- **YOUR TASK**: All pictures are to be omitted while the lines starting at the line with "GEPRC Cinelog25 V2" and ending at the line with "NASA's TRMM Satellite" in the material below are retyped exactly, both ends included.

- **MATERIAL PROVIDED**:
◆ ◆ ◆ ◆ ◆ ◆ ◆

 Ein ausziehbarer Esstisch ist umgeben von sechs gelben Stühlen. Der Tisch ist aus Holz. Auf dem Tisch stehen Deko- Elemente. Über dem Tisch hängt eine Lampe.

◆ ◆ ◆ ◆ ◆ ◆ ◆

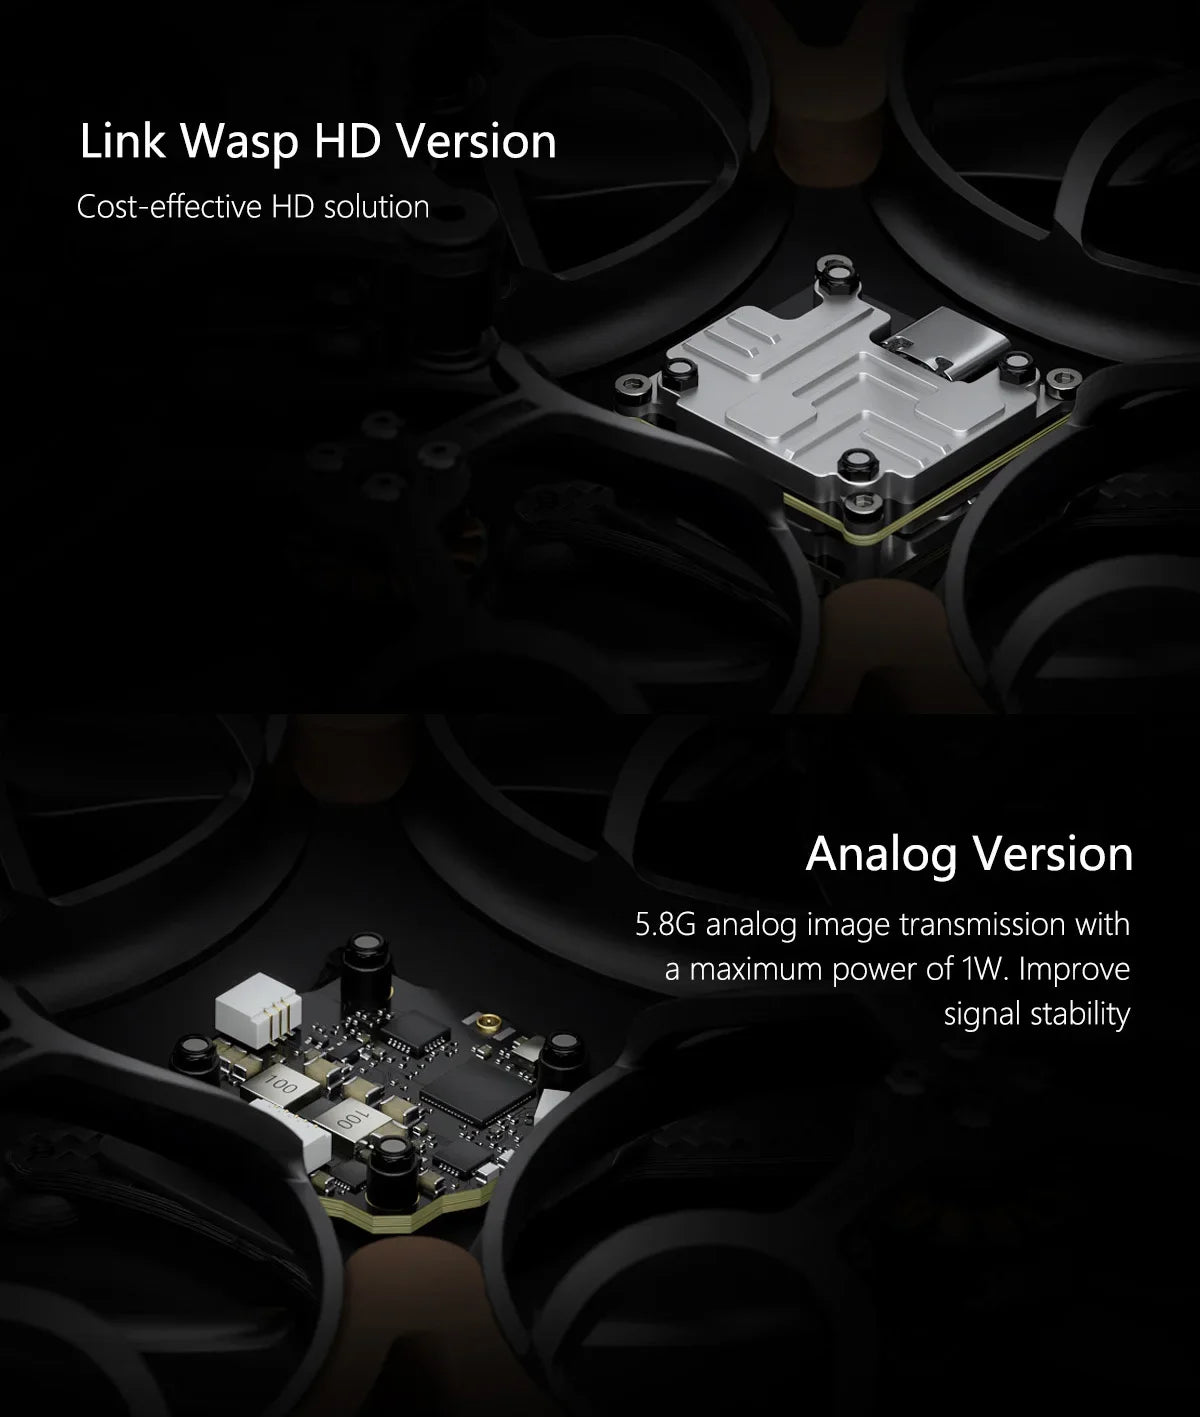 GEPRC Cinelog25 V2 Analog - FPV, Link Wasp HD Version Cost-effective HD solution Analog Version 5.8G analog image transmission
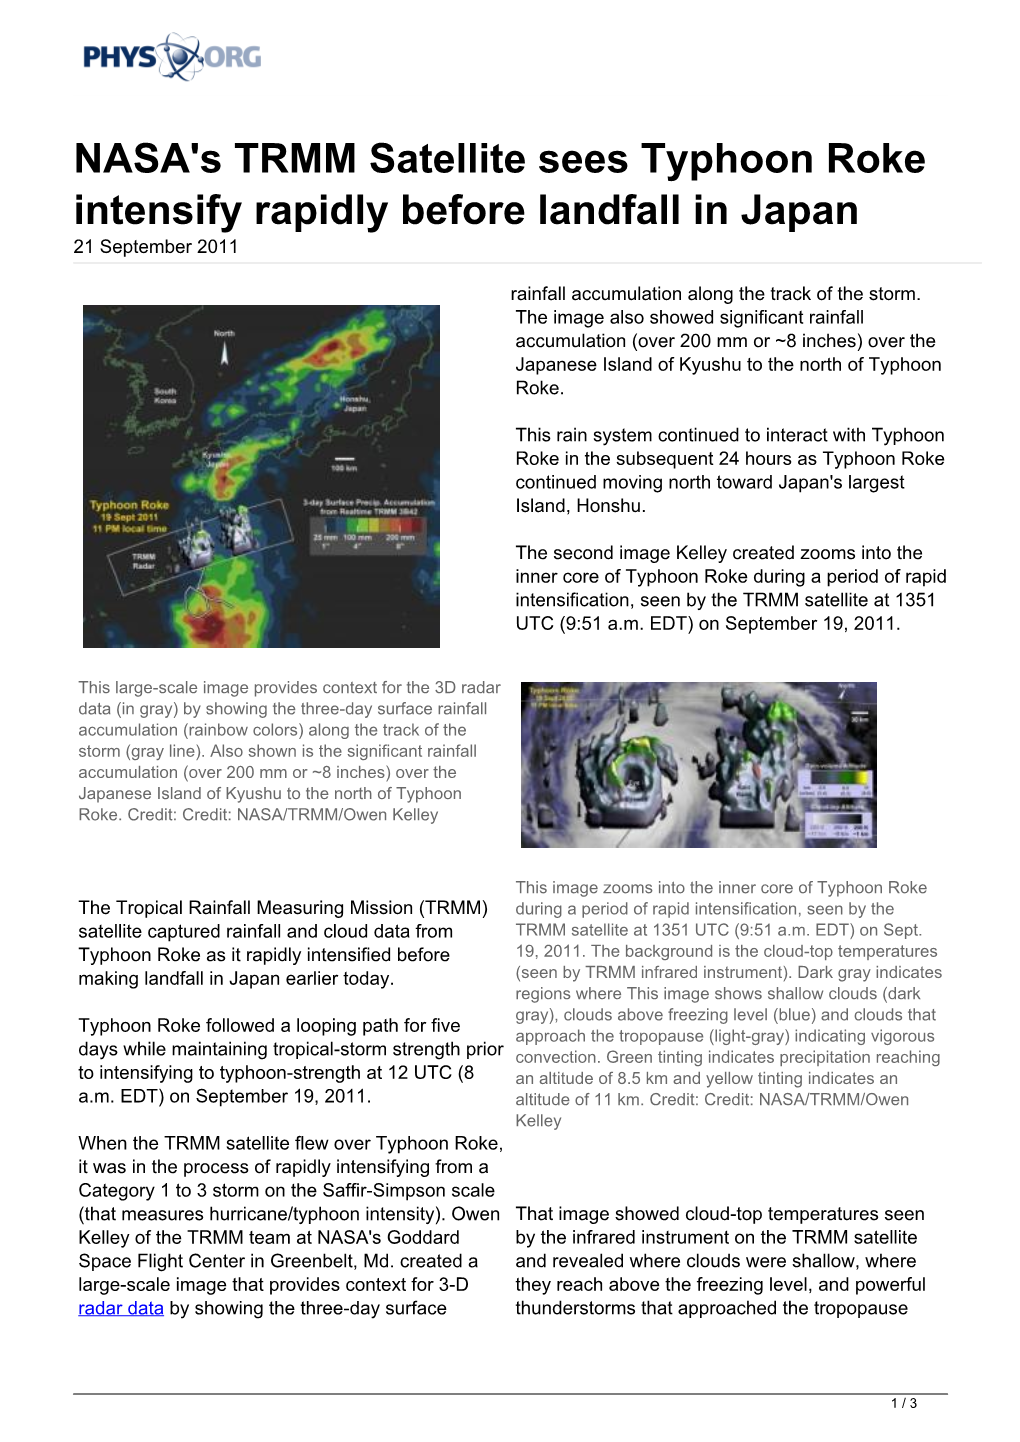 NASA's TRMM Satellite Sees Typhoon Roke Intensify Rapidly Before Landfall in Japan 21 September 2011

◆ ◆ ◆ ◆ ◆ ◆ ◆

- **RESULT OF THIS TASK**:
 GEPRC Cinelog25 V2 Analog - FPV, Link Wasp HD Version Cost-effective HD solution Analog Version 5.8G analog image transmission
 NASA's TRMM Satellite Sees Typhoon Roke Intensify Rapidly Before Landfall in Japan 21 September 2011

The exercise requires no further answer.